In 2021, over 60,000 individuals in the U.S. alone will be diagnosed with pancreatic cancer. Researchers are turning to machine learning (ML) to help identify those most at risk of developing the disease, such that they can access early interventions.
In the study, published in PLOS ONE, researchers describe how they analyzed health records from over 1,000 patients in the UK, up to two years before their pancreatic cancer diagnosis. They used this data to train an ML algorithm to distinguish patients at risk.
The ML system found 41 percent of the patients to be in the high-risk category, up to 20 months before they receive the diagnosis. The test had a 72 percent sensitivity, meaning the ability to successfully identify those who went on to develop pancreatic cancer. 59 percent of people who did not end up getting pancreatic cancer were categorized as low risk by the algorithm. The specificity and sensitivity of the system can be refined and improved with additional work, say the authors.
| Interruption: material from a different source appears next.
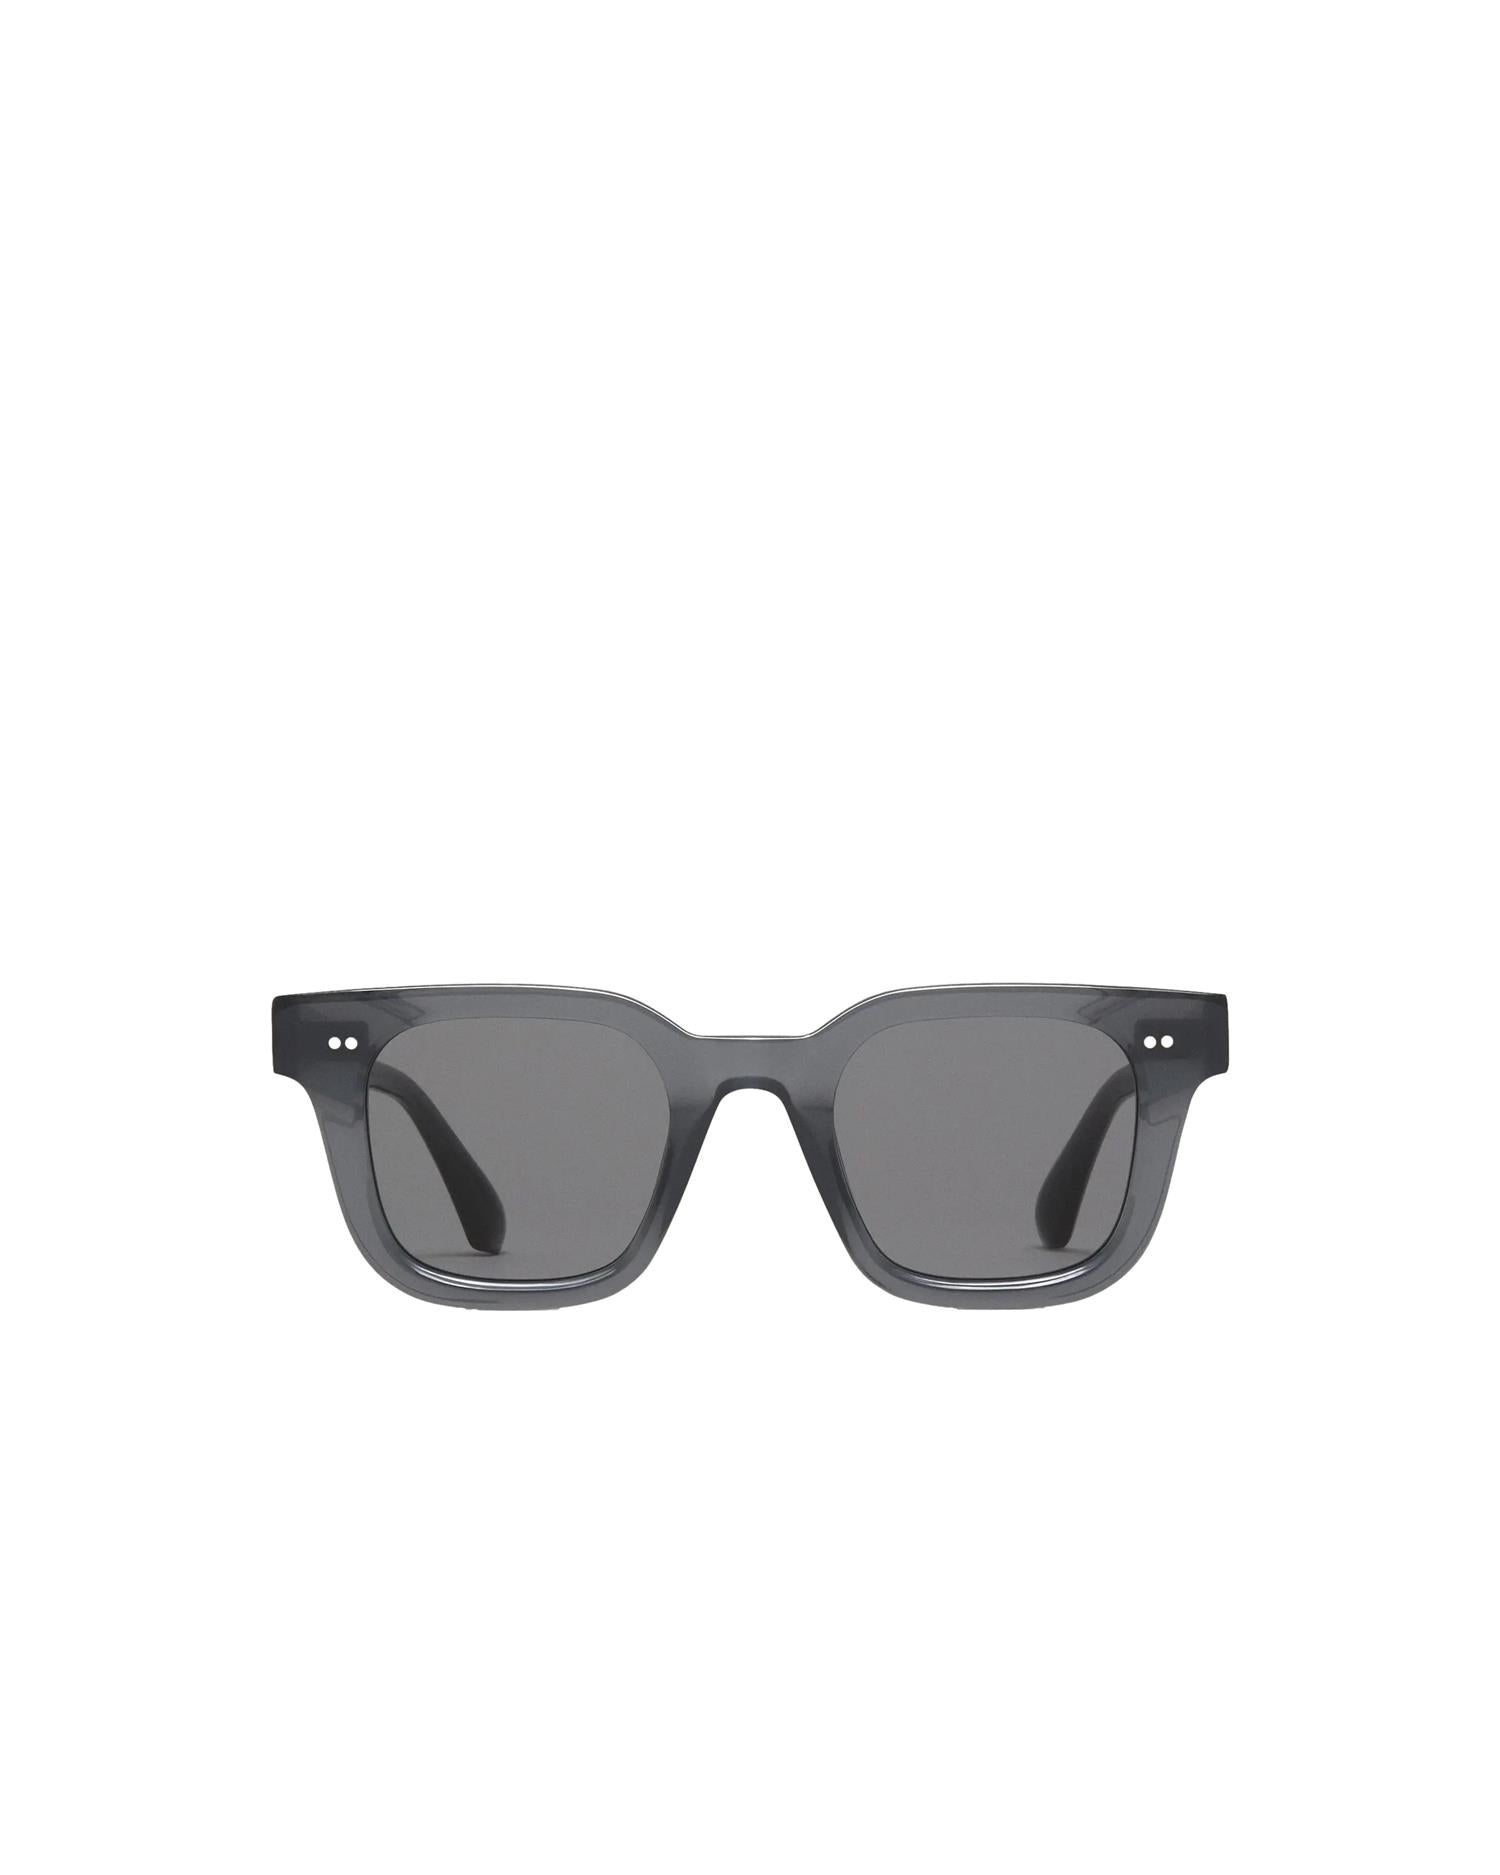 Chimi Eyewear 04 Dark Grey Solbriller Mørkegrå

"Each year, 460,000 people worldwide are diagnosed with pancreatic cancer, and only around 5% of those diagnosed survive for five years or more,” explained co-lead author Ananya Malhotra. “This low survival is because patients are usually diagnosed very late. Recent progress has been made in identifying biomarkers in the blood and urine, but these tests cannot be used for population screening as they would be very expensive and potentially harmful due to the psychological distress of excess testing.
"Although preliminary, this study offers some hope for a new early diagnosis for pancreatic cancer which until now remains elusive."